Добавить в цитаты Настройки чтения

Страница 9 из 82



Это ветер обманывал их. Он сорвал с ящиков, заметенных снегом, кусок брезента и хлопал им, и шелестел, и, продираясь сквозь щели в заборе, передразнивал человеческий плач.

— Ему же будет хуже, — угрюмо повторил Мацейс. — Идем.

Они обогнули сугроб — снежную гору. Снег местами осыпался, и тюки прессованной соломы, которой летом покрывают лед, высовывались наружу. Гора была соломенной горой.

— Как будто здесь, — сказал шерстяной берет. Он разворотил с края солому, закопался в неё с головой, и вдруг в глубине этой соломенной горы мелькнула узкая полоска света.

Глава V

МОРЕХОД КОНОНОВ

Туманы и снегопады делают опасным плаванье в узких губах западного Мурмана, и часто пассажирские суда чуть ли не сутками отстаиваются на якорях перед заходом в губу, ждут у моря погоды.

Как только «Ястреб» отдал трап, пассажиры гуськом повалили с палубы, и пограничники в краснофлотской форме стали проверять пропуска и документы. Народ на «Ястребе» пришел обычный, всё обитатели становищ, погостов и факторий — рыбаки, районные работники, учителя и оленеводы, механики и строители.

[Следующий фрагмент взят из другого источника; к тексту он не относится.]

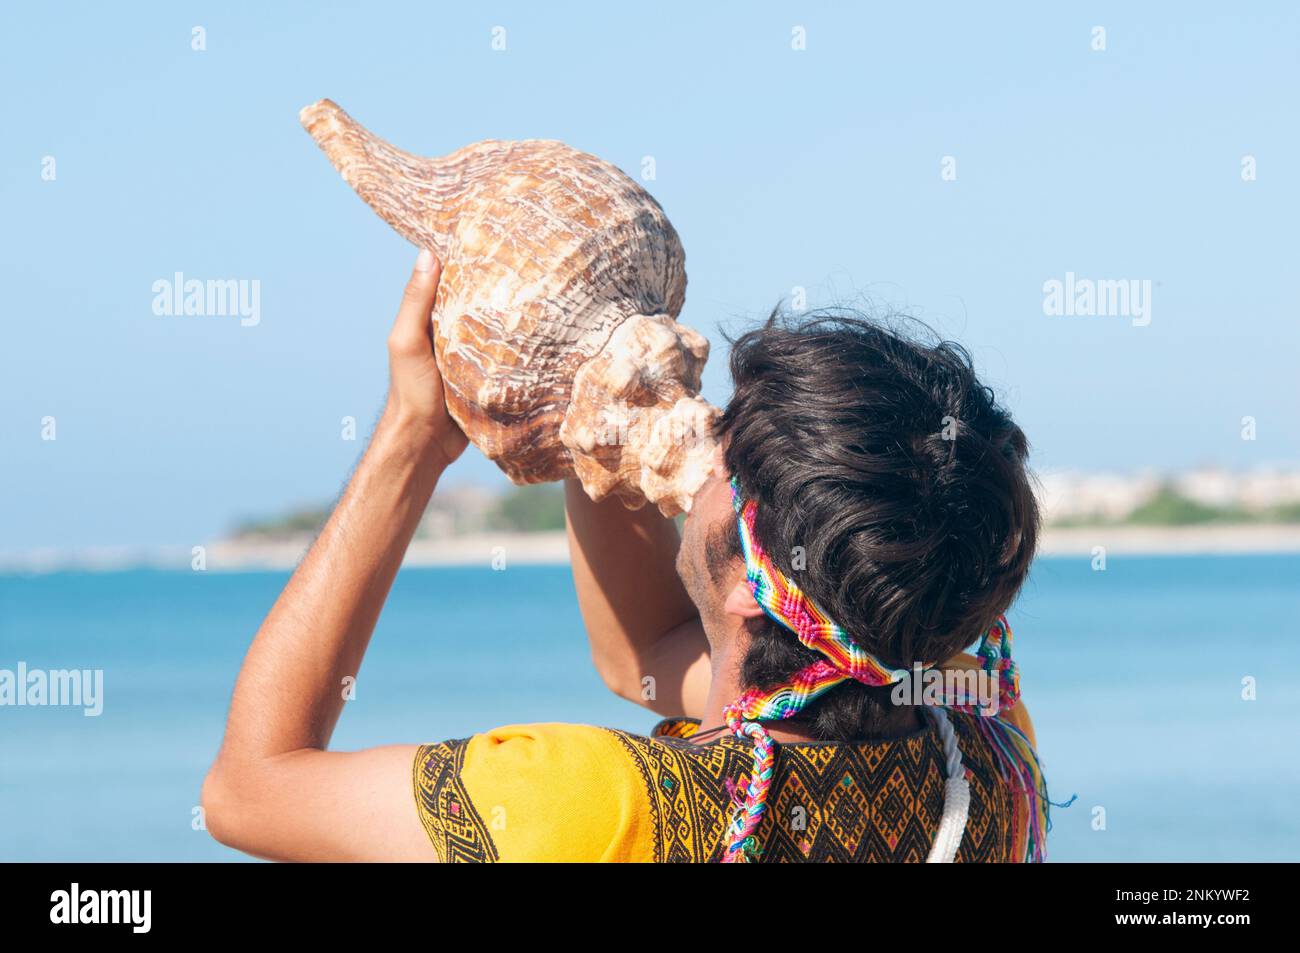 Homme maya en costume traditionnel jouant dans une carapace de mer sur la plage pendant une cérémonie. Vue arrière Banque D'Images

Последними сошли на берег старик и мальчик лет тринадцати. «Кононов, — прочитал пограничник в паспорте, — Александр Андреевич. Год рождения 1872-й», — и, как полагается, поднял глаза, чтобы сверить фотографию в документе с «подлинной личностью».

Старик стоял, посасывая финскую трубку-кривульку. Он был невысок ростом, в ушастой шапке и в рыбацких сапогах выше колен, подвязанных ремешками к поясу, — чтобы не спадали. Шерстяной свитер обтягивал его выпяченную грудь под полушубком, распахнутым по случаю совсем пустячного мороза, так градусов на двенадцать. Оттого что за плечами у старика был дорожный мешок, держался он особенно прямо и высоко задрал свою маленькую, чуть-чуть седую бородку.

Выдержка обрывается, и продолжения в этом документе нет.